I agree if it is kept impersonal. But it is hard to keep a topic such as this typical one focused, as you have someone jump in with "Well then don't come over here fishing... etc etc" and once again totally taking it down a side path/tangent.

I like discussing this topic, but it always seems to degrade as we have folks of varying experience, ages, maturity jumping in and really siderailing it...

Wasn't this topic about what county?


----------



## dblkluk (Oct 3, 2002)

I would guess its a toss up, Nelson, Ramsey or Bowman..


----------



## nodakoutdoors.com (Feb 27, 2002)

dblkluk said:


> I would guess its a toss up, Nelson, Ramsey or Bowman..


Thanks Erik, it was nice to see some answers to a question that turned into a debate.

I'd say it's hard to gauge where's busy and where isn't. I've noticed a lot of people change their dates and locations each year based on previous experiences. I've seen some areas that are busy one year....slow the next...and dead areas that are busy the next year.


----------



## KEN W (Feb 22, 2002)

The question is where are most of the NR going.......the most NR hunt in zones 1 and 2.That is south central ND.For that reason the GNF has put in the stipulation that they can only hunt in one of the 2 zones for 7 of their 14 days and all of zone 3(the rest of the state) the other 7 days.......unfortunately the legislature in all it's wisdom was stupid enough to countermand this by making a statewide license.

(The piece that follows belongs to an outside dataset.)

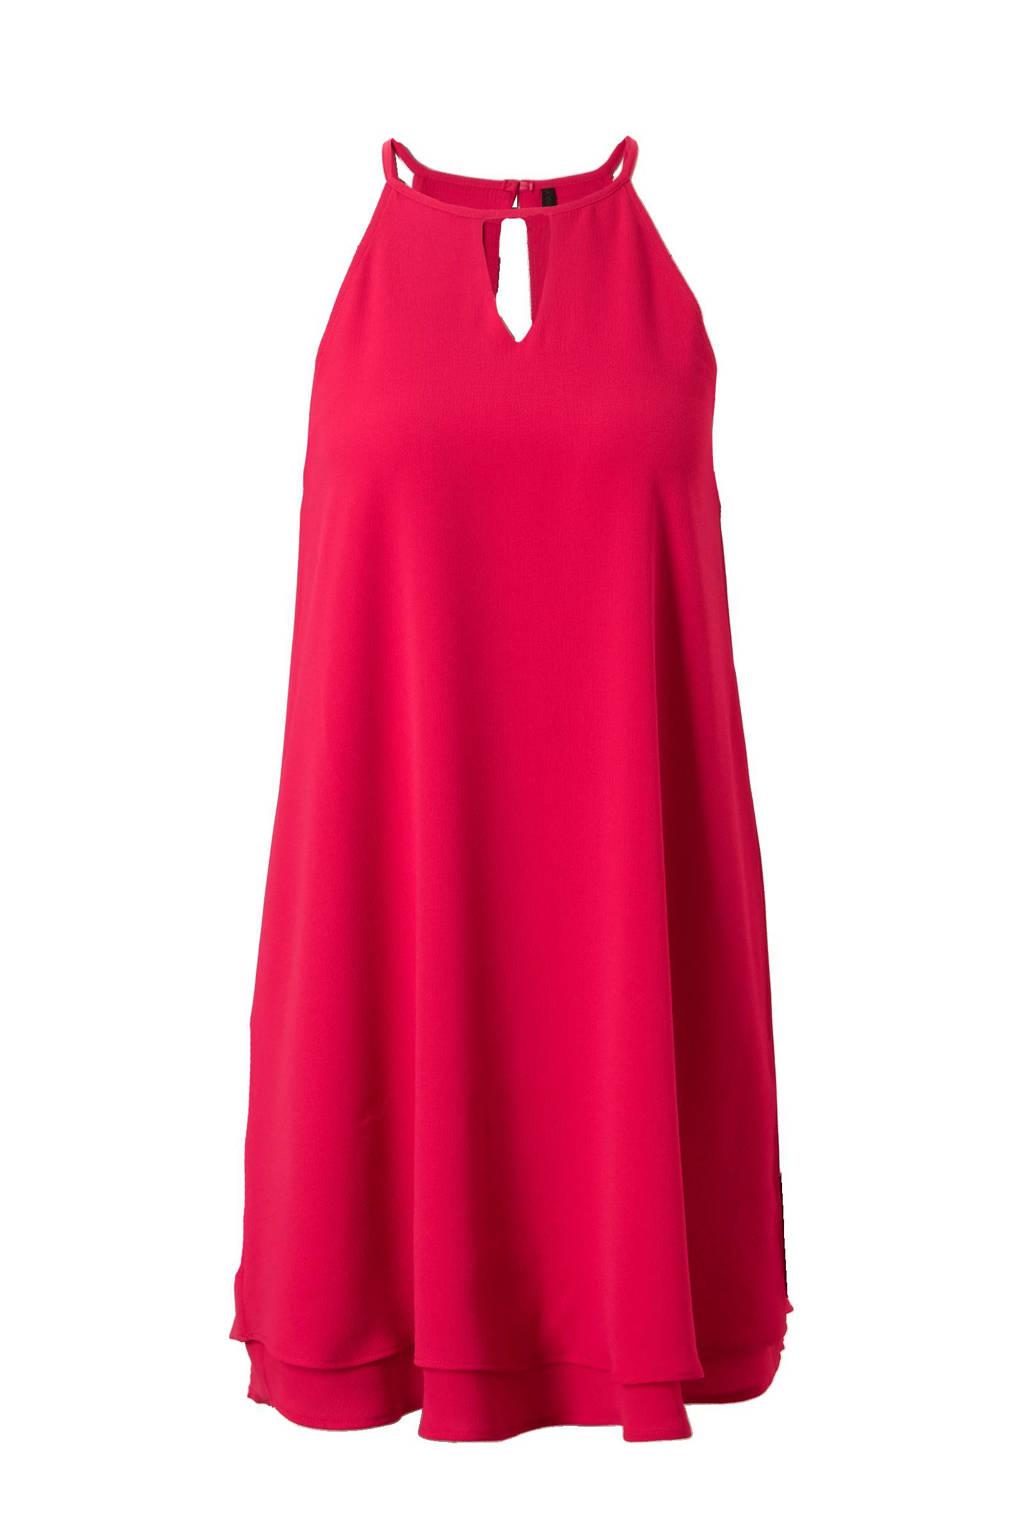 ONLY jurk, Roze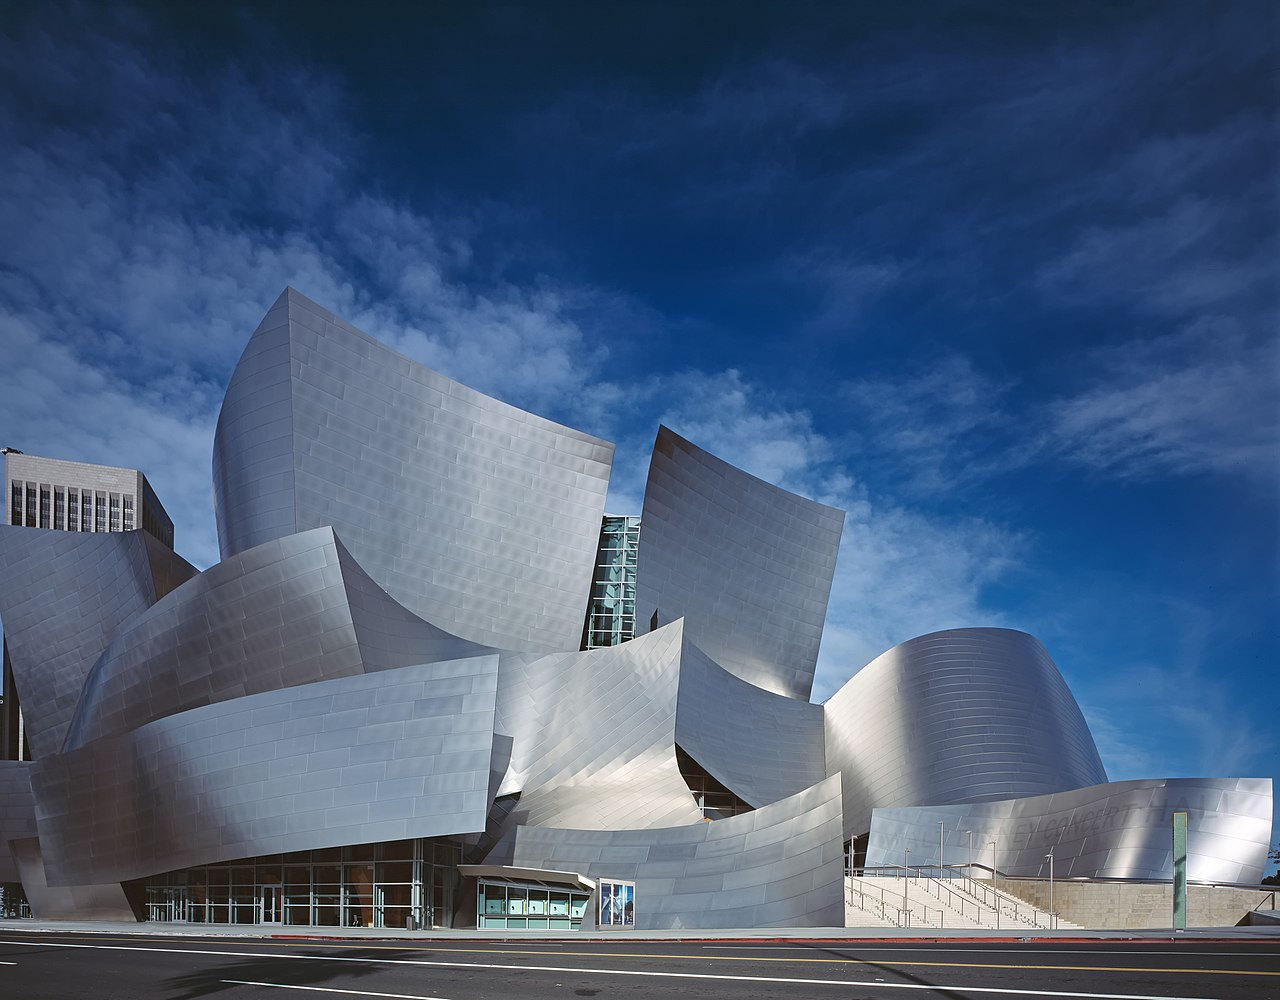 Architect Spotlight: The Wondrous Works of Frank Gehry | NanaWall

The GNF put in those zones to spread out the pressure and not have everyone huntiung in those areas.This would have allowed the whole state to benefit from NR money not just those few towns in zones 1 and 2.But some people can't see the light when it is shining right in their eyes.To many legislators who don't have a clue and neither do the tourism people.

So looking at zones 1 and 2 on this map will tell you where most NR hunt.


----------



## R y a n (Apr 4, 2005)

R y a n said:


> My understanding is that in regards to waterfowl the top counties.. are Ramsey, Kidder, Stutsman, Benson, McClean, Burleigh, Ward, Logan, McIntosh, McHenry, Mountrail, Eddy, Wells, Sheridan
> 
> and roughly in that order (anecdotal only)


Hmmm looks like my anecdotal was fairly close to accurate...

Thanks Ken!


----------



## Colt (Oct 25, 2007)

Thanks Ken.

WOW!!! I wasn't trying to start a NR vs R debate. I was just curious if most NR know about the the the water that is normally in certain counties or if they concentrate on Devil's Lake or the Missouri River System.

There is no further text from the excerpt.